California wasn’t included in the new study “because they already closed that door.”
His concerns extend beyond America’s borders.
“I’m worried this European/American style antivaccine movement is going to move into the global south,” Hotez said.
“What we’re seeing in Europe right now — with horrific measles outbreaks across Europe — could also begin in the US as well,” he said. He noted that with more than 10,000 cases of measles in Ukraine this year and higher-than-usual rates in Romania, Italy, Greece and Germany, 2018 will top last year’s total of 20,000 measles cases across Europe.
“Starting in 2000, we put in place GAVI, the Global Alliance for Vaccines and Immunization. That’s been an incredibly successful organization,” Hotez said. “It’s done a terrific job of lowering deaths from childhood infectious diseases like measles. GAVI has brought down measles deaths by 90%, from over 600,000 to over 70,000. I worry we’re going to start eroding those gains.”
The new study is a “good contribution” to the field, said Saad B. Omer, a professor of global health and epidemiology & pediatrics at Emory University.
Omer, who was not involved in the research, said one strength of the work is that the researchers conducted an in-depth analysis of individual states with nonmedical exemptions, which had never been done.
Omer’s own research has shown that states with philosophical exemptions had both higher rates of refusal and higher rates of disease; his study focused on rates of whooping cough. “Clusters of refusal overlap clusters of outbreaks,” he said.

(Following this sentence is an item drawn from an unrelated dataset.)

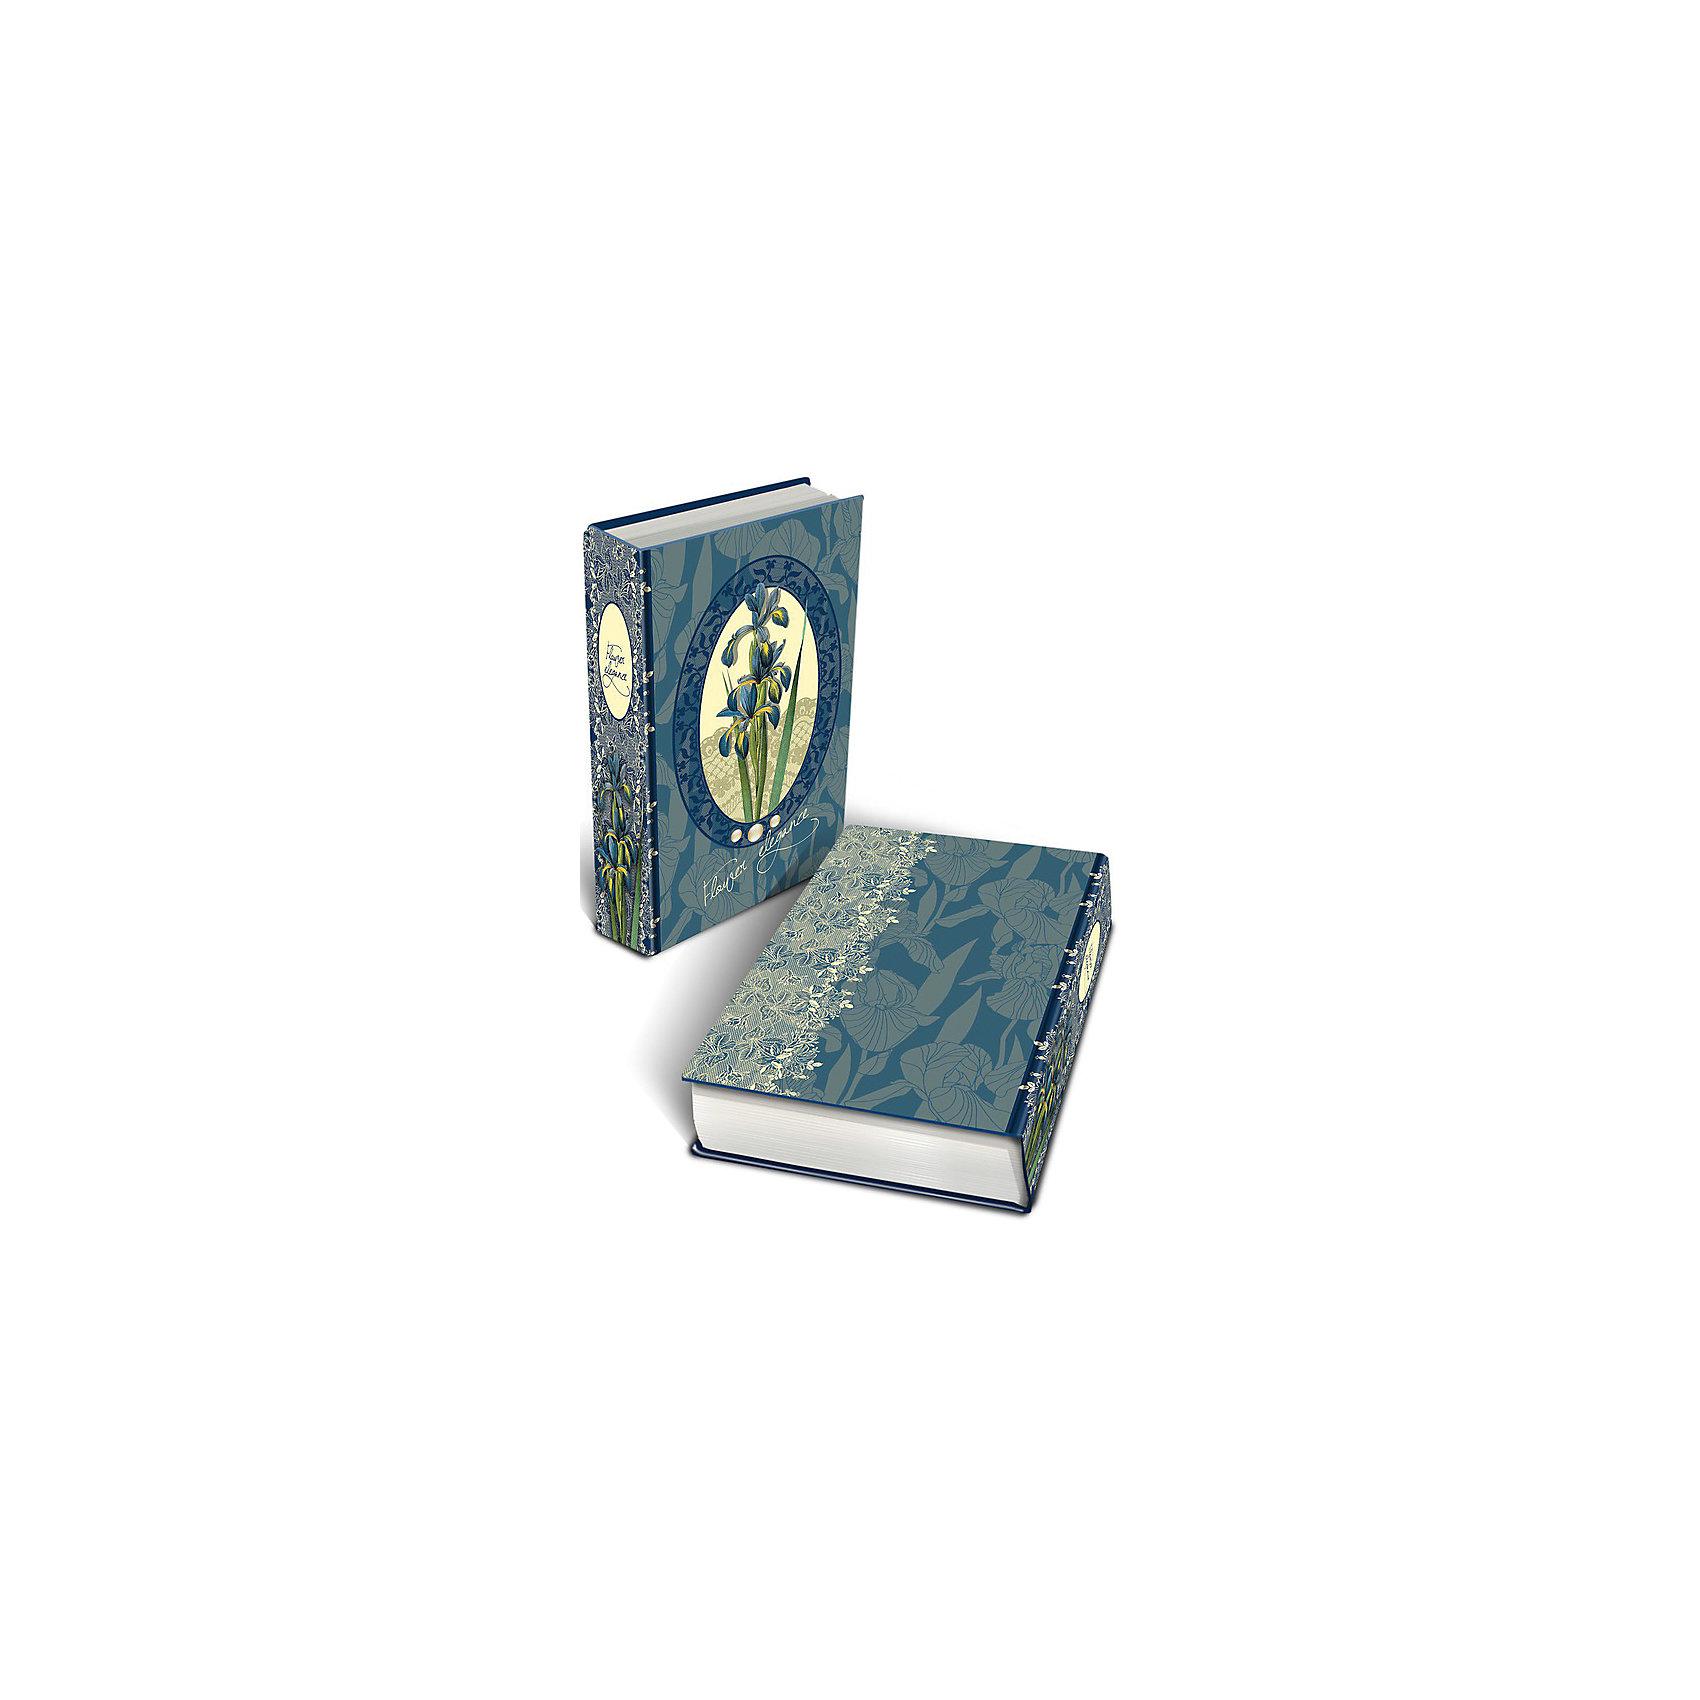 Шкатулка декоративная Букет ирисов (17*11*5 см)Стильная декоративная шкатулка Букет ирисов выполнена в форме книги с оригинальным рисунком. Она отлично подойдет для хранения мелочей и безделушек, есть отделение для украшений. Отличный вариант для ценного и оригинального подарка!<br><br>Дополнительная информация:<br>Материал: МДФ<br>Размер: 5х26х17 см<br>Вес: 285 грамм<br>Декоративную шкатулку Букет ирисов можно купить в нашем интернет-магазине.<br><br>Ширина мм: 370<br>Глубина мм: 400<br>Высота мм: 380<br>Вес г: 200<br>Возраст от месяцев: 84<br>Возраст до месяцев: 216<br>Пол: Унисекс<br>Возраст: Детский<br>SKU: 4957973

However, “if it’s difficult to obtain an exemption, then you have lower rates of refusal and lower rates of disease,” he said. “We established that framework and established that data.” In another study, he and his colleagues showed that rates of vaccine exemption were rising faster in states that allowed exemptions for philosophical beliefs.
“More recently, at a national level, we saw a plateauing of vaccine exemption rates,” Omer said. The new study is important, then, because it looks at the states where this general national trend may not be happening.
“The good news is that the policy option that is more viable for most states” — essentially, making it less convenient for parents to not vaccinate their children — “has actual impact on rates of refusal,” Omer said. In Washington state, he noted, a law requires parents to be counseled by a physician about vaccinations before they can receive an exemption for their children for nonmedical reasons.
Just by adding that law, he said, Washington saw an approximately 42% reduction in the rate of exemptions. In California, before the regulation against non-medical exemptions became law as a result of the Anaheim measles outbreak, there was a tightening of vaccination exemption requirements that helped reduce refusals, he noted.
Such incremental changes could have positive effects across the country, Omer says.